Slender: The Arrival Arrives to Give You Nightmares

Is your boring life currently defined by a noteworthy – almost alarming – lack of sheer terror? Well, we’ve got some great news for you, then: Slender: The Arrival is now available for Xbox One via ID@Xbox, and it’s sure to leave you huddled up in the corner, your belabored sobs punctuated only by the occasional bloodcurdling scream.

Yes, it’s that classic scenario ripped straight from your deepest, darkest nightmares. An impossibly tall, thin, unsettlingly proportioned specter of death – the titular Slender Man – pursues you through a number of dark and terrifying environments.
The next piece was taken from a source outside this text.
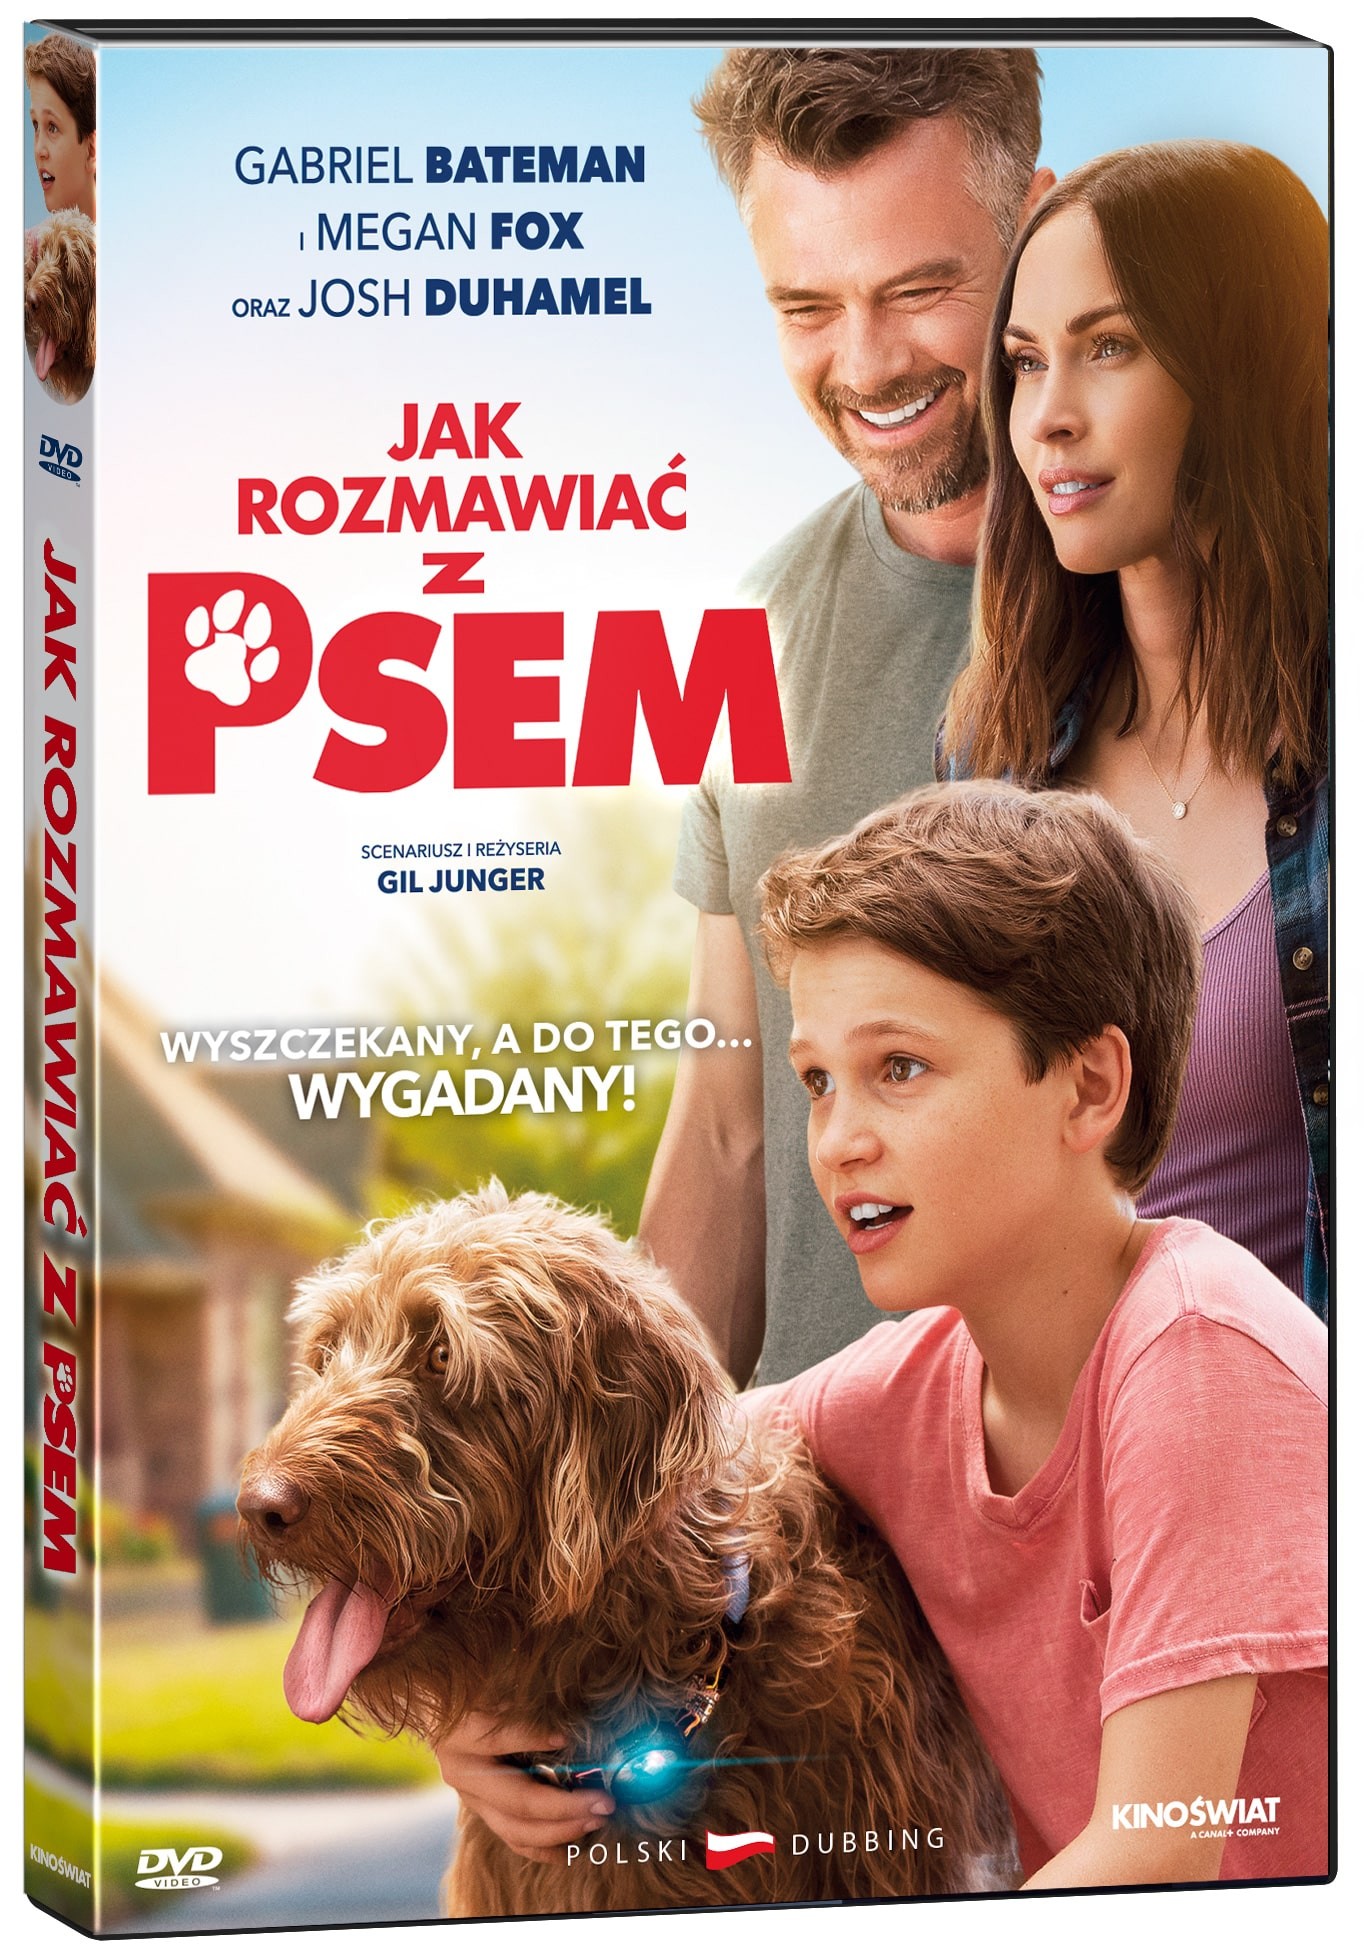 JAK ROZMAWIAC Z PSEM wydanie DVD

Armed with only a flashlight, it’s your job to collect the scattered pages of what we’re assuming is some eldritch, Lovecraftian tome (sorry, our reading comprehension goes out the window once the panic-induced adrenaline threatens to swallow us whole). Do this before the horrific nightmare man catches you, and for the love of all that is holy, don’t look at him, or shine your flashlight on him, or do anything but run, or so help us, he will teleport in front of you and rip your face off.

It’s the kind of memorable experience that will have you putting down your Xbox One controller and walking away with your hands thrown up high, muttering “Nope, nope, NOPE, NOPE” as the Slender Man’s chilling visage is burned into your skull, planting the seeds for all those night terrors that will have you waking up in cold sweats during the darkest hours of the morning, momentarily confused as to what’s real and what isn’t.

If you’re lucky, maybe you’ll catch a sleep-fevered glimpse of the nightmare man in your bedroom’s corner, and wind up having to awkwardly apologize to the neighbors, assuring them that no, there was no reason to call the police, you were just having a bad dream.

In case you haven’t figured it out yet, this game’s more than a little spooky, but it’s so good that we keep coming back for more and more. Slender: The Arrival is now available on Xbox One and Xbox 360, and you can scare yourself half to death with it for just $9.99.